WHAT THE TASK REQUIRES → Reproduce exactly the span of lines beginning at the one with "2016-2017 Verification Worksheet" and ending at the last line of the data below, omitting pictures.

RAW DATA →
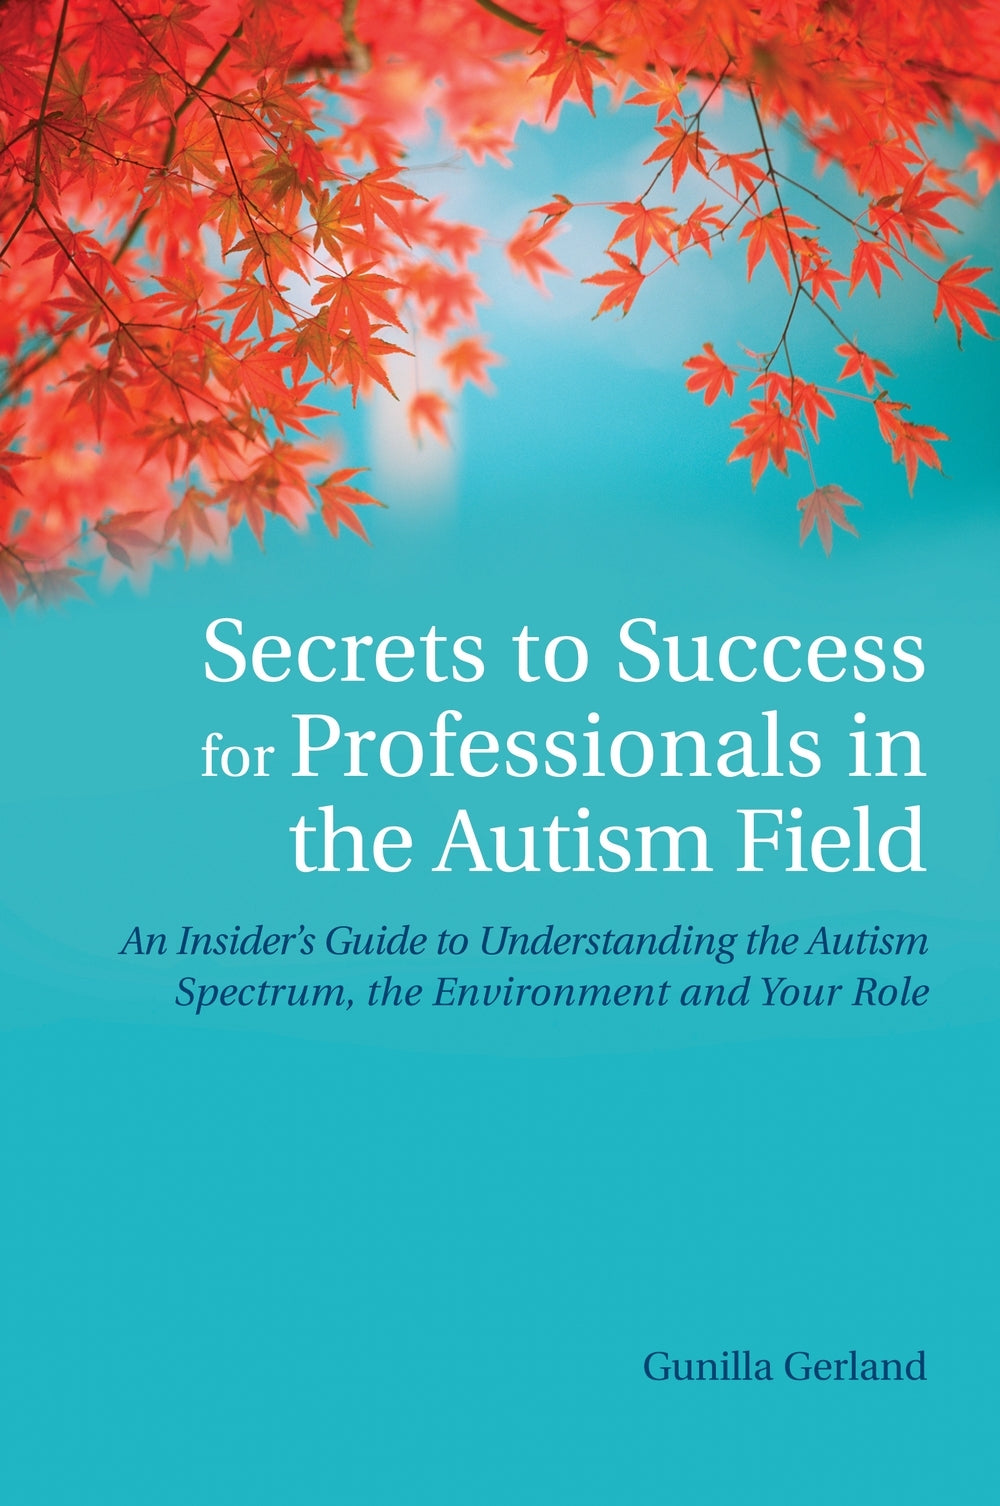 Secrets to Success for Professionals in the Autism Field by Gunilla Gerland
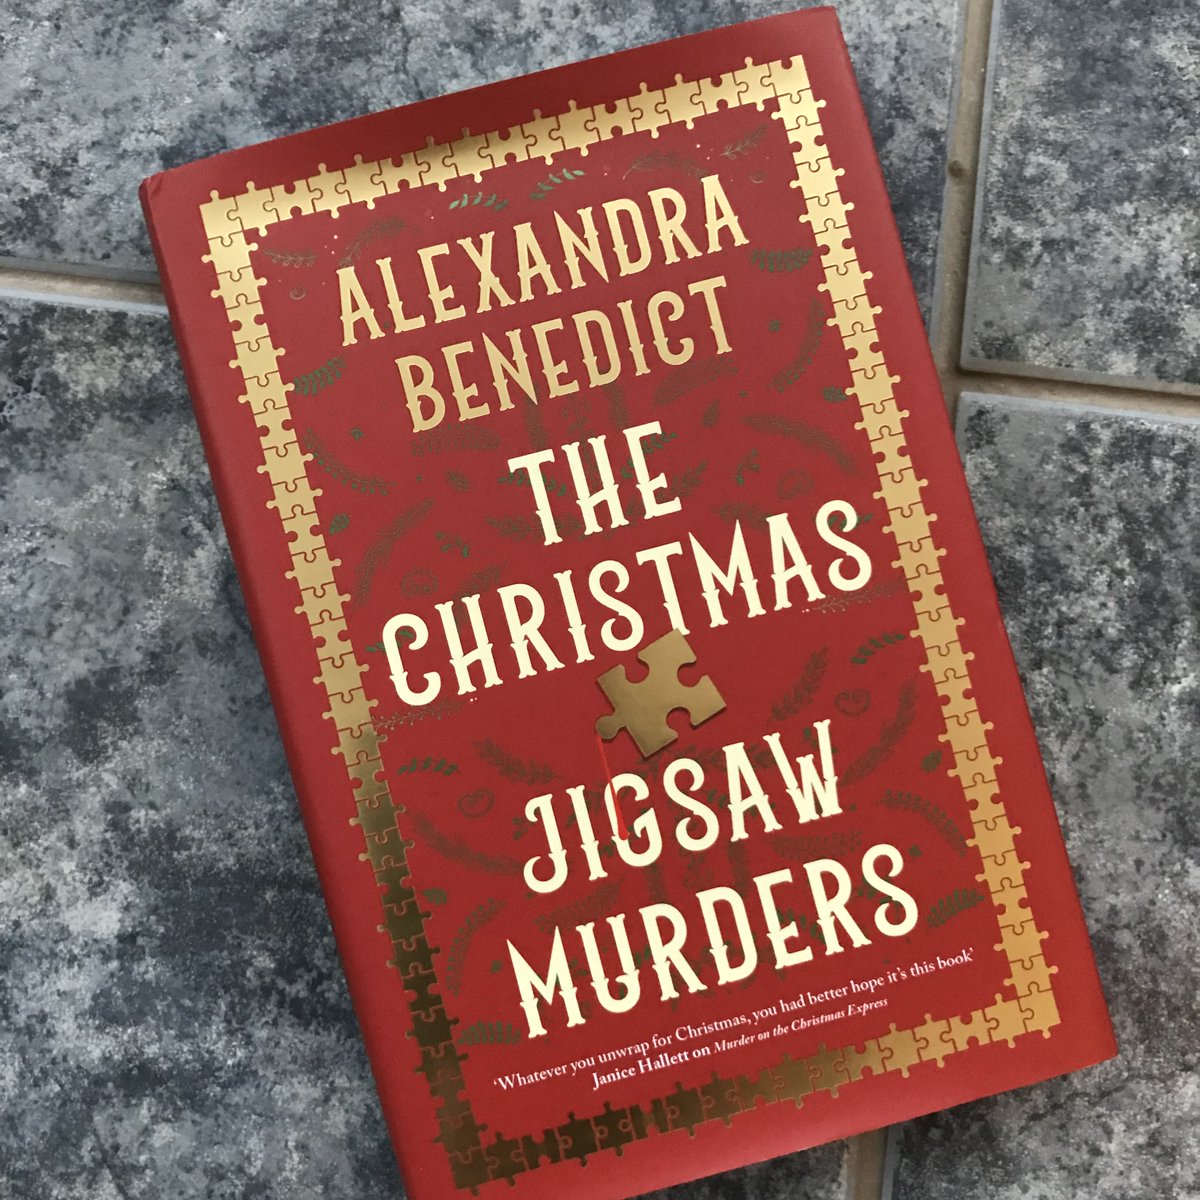 Our SATURDAY DRAW is live. #WIN The Christmas Jigsaw Murders by @ak_benedict facebook.com/CrimeFictionLo… Today only!
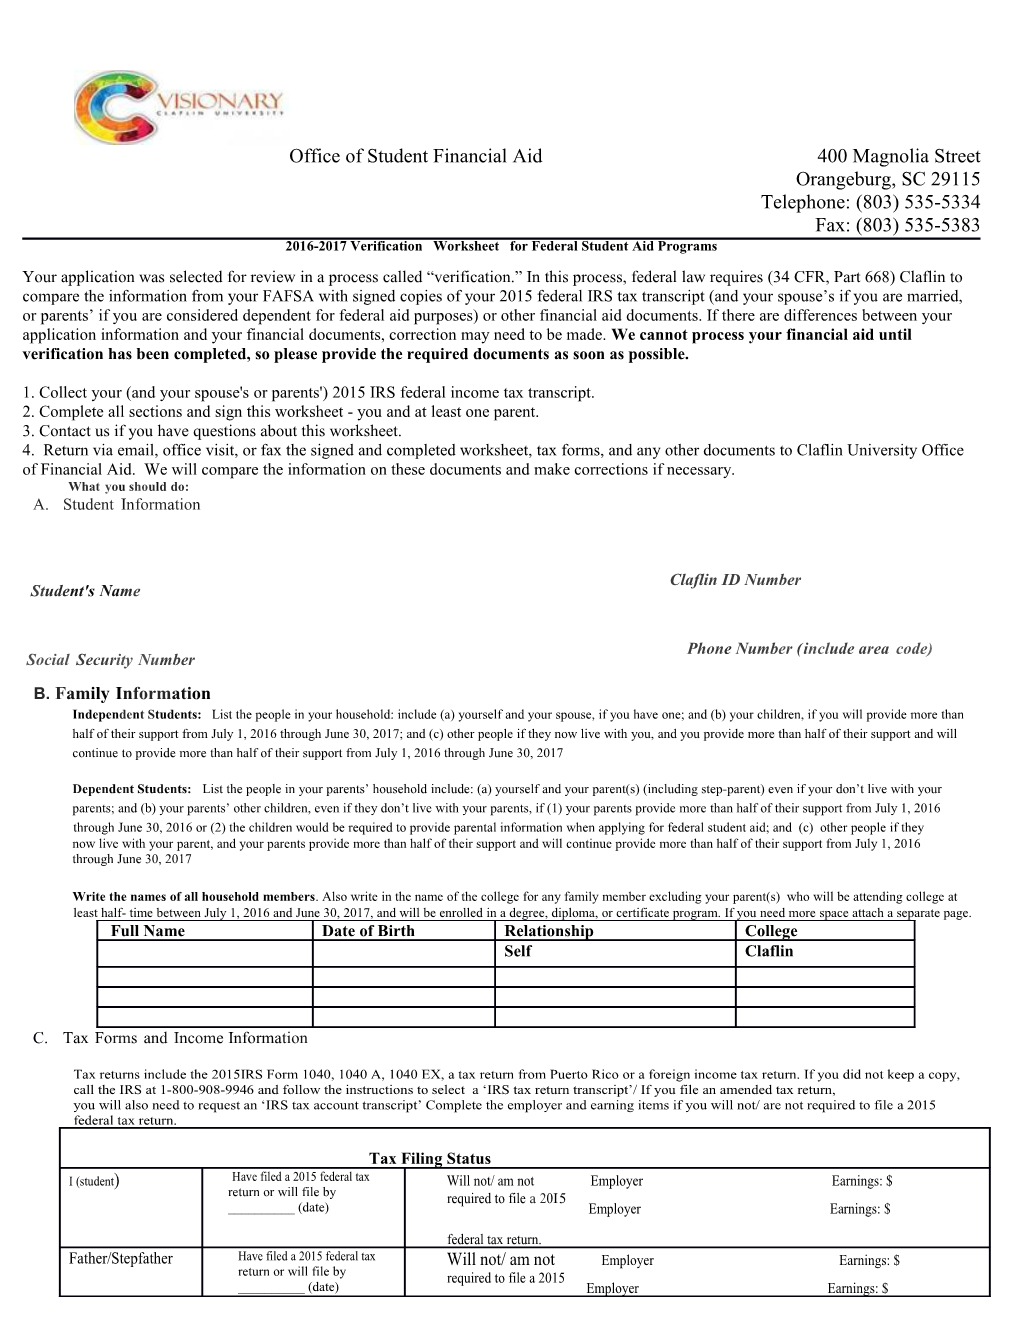 2016-2017 Verification Worksheet for Federal Student Aid Programs
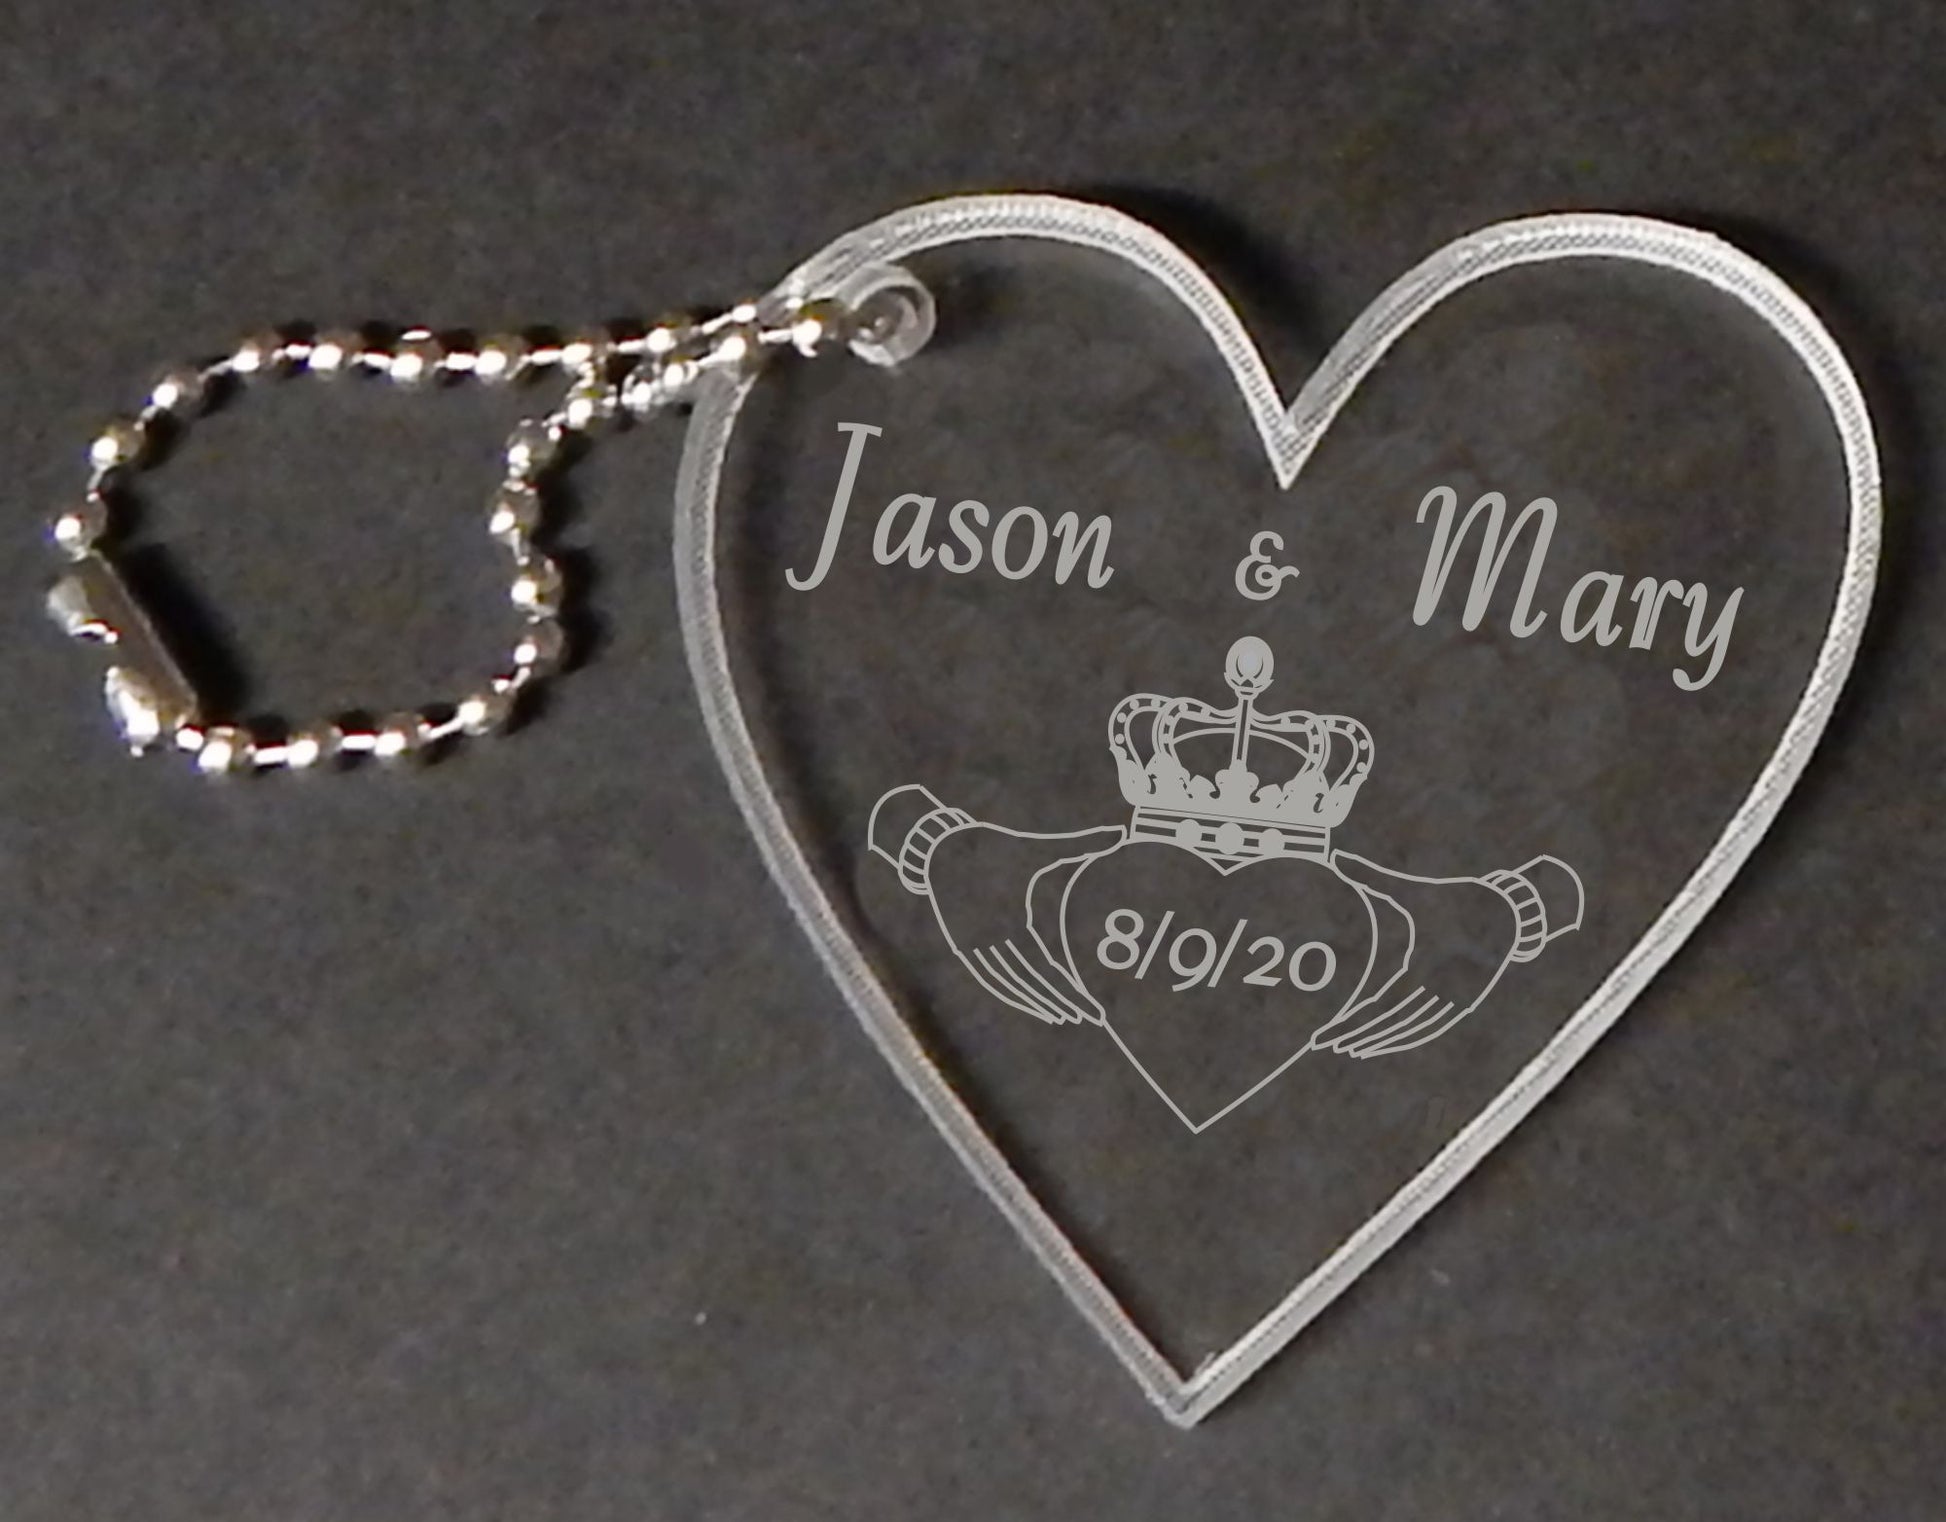 heart shaped acrylic keychain designed with a claddagh along with names and date, with a small metal chain attached

EXERCISE OUTPUT →
 2016-2017 Verification Worksheet for Federal Student Aid Programs
 heart shaped acrylic keychain designed with a claddagh along with names and date, with a small metal chain attached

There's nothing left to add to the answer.